The Internal Revenue Service (IRS) recently finalized policy changes that make health care coverage more affordable for approximately one million individuals by fixing the so-called “family glitch.” The new policy updates the interpretation of the “affordability” of health insurance plans and allows eligible families to receive tax credits to buy more affordable insurance through an Affordable Care Act (ACA) exchange if employer coverage is too costly.
Under the ACA, employer coverage is deemed unaffordable if an employee’s share of the premium exceeds 9.83% of their household income. If the employee’s share of the premium exceeds this threshold, the individual qualifies for advance premium tax credits to purchase more affordable coverage through an ACA Marketplace.
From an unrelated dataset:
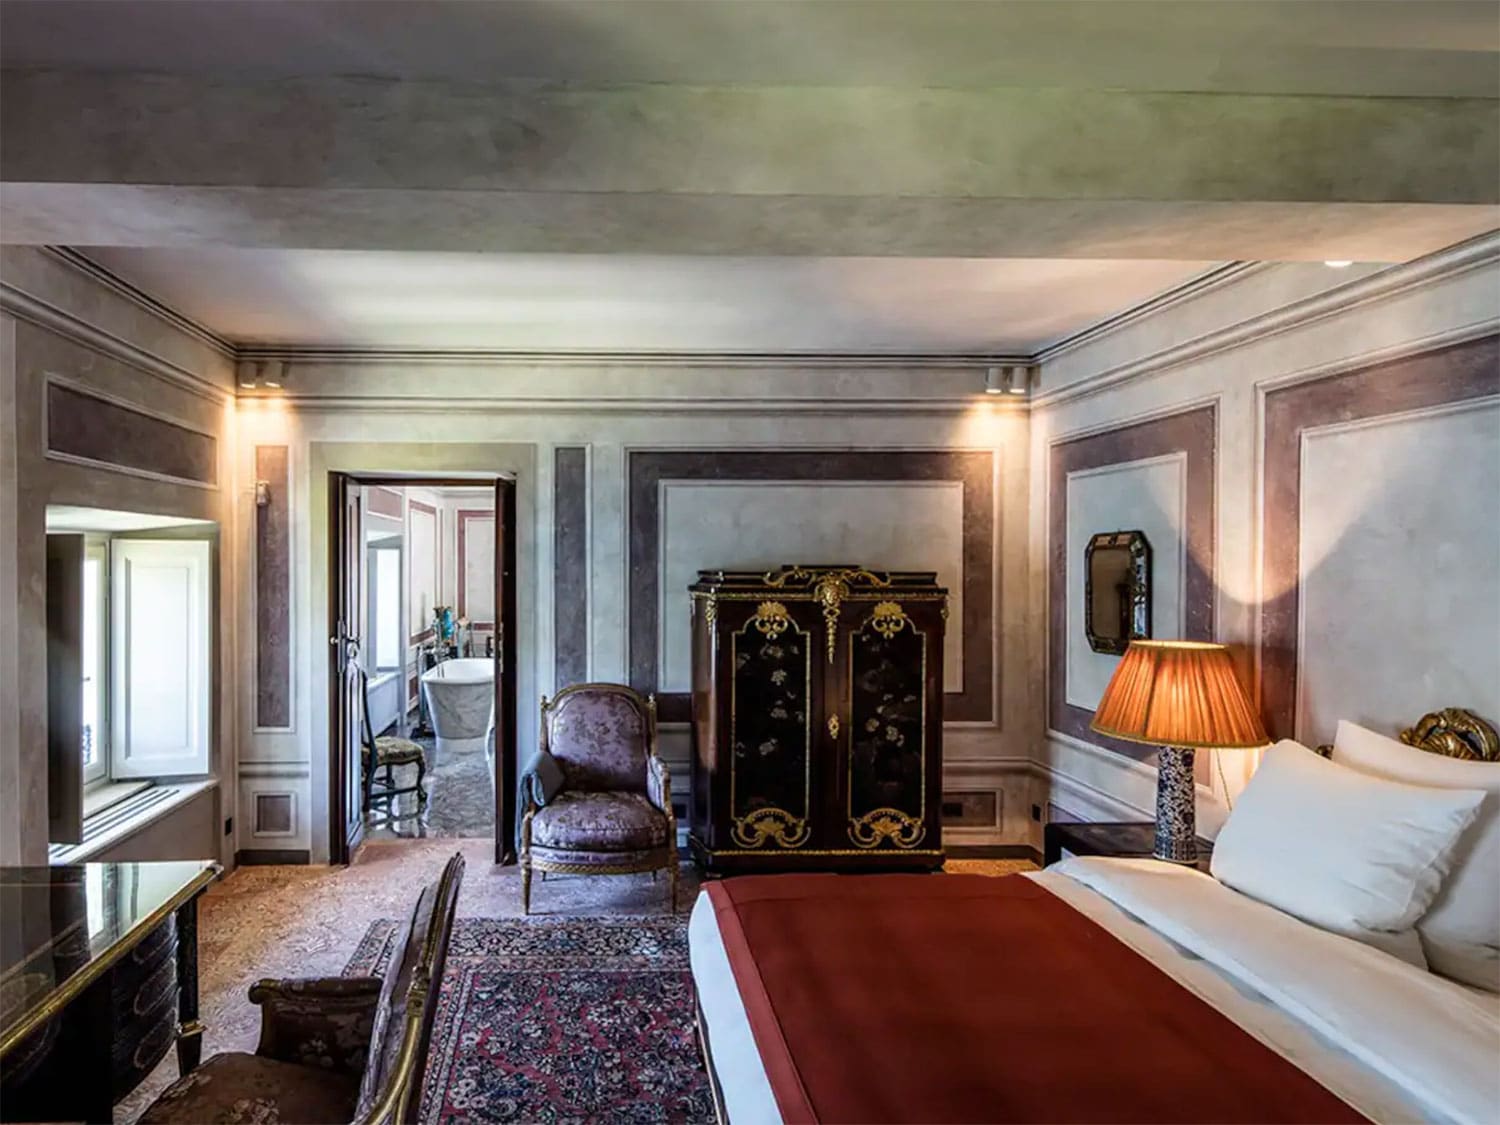 An interior bedroom of Villa Balbiano, the House of Gucci

However, following a 2013 U.S. Department of the Treasury interpretation of the ACA, even if coverage for an employee’s family costs more than 9.83% of their household income, the employee’s family was deemed ineligible for advance premium tax credits if “self-only” coverage for the employee did not exceed 9.83%. The issue has been referred to as the “family glitch,” and as a result of this issue, low- and moderate-income families have had to pay more out-of-pocket for employer plans or forgo coverage all together.
In a comment letter, which was sent to IRS after the now final policy change was first proposed, ASCO supported the IRS’ plan to update the interpretation of “affordability.” ASCO is committed to helping to ensure that all people affected by cancer receive high-quality, equitable care, and the Association applauds IRS for improving access to care for many more Americans.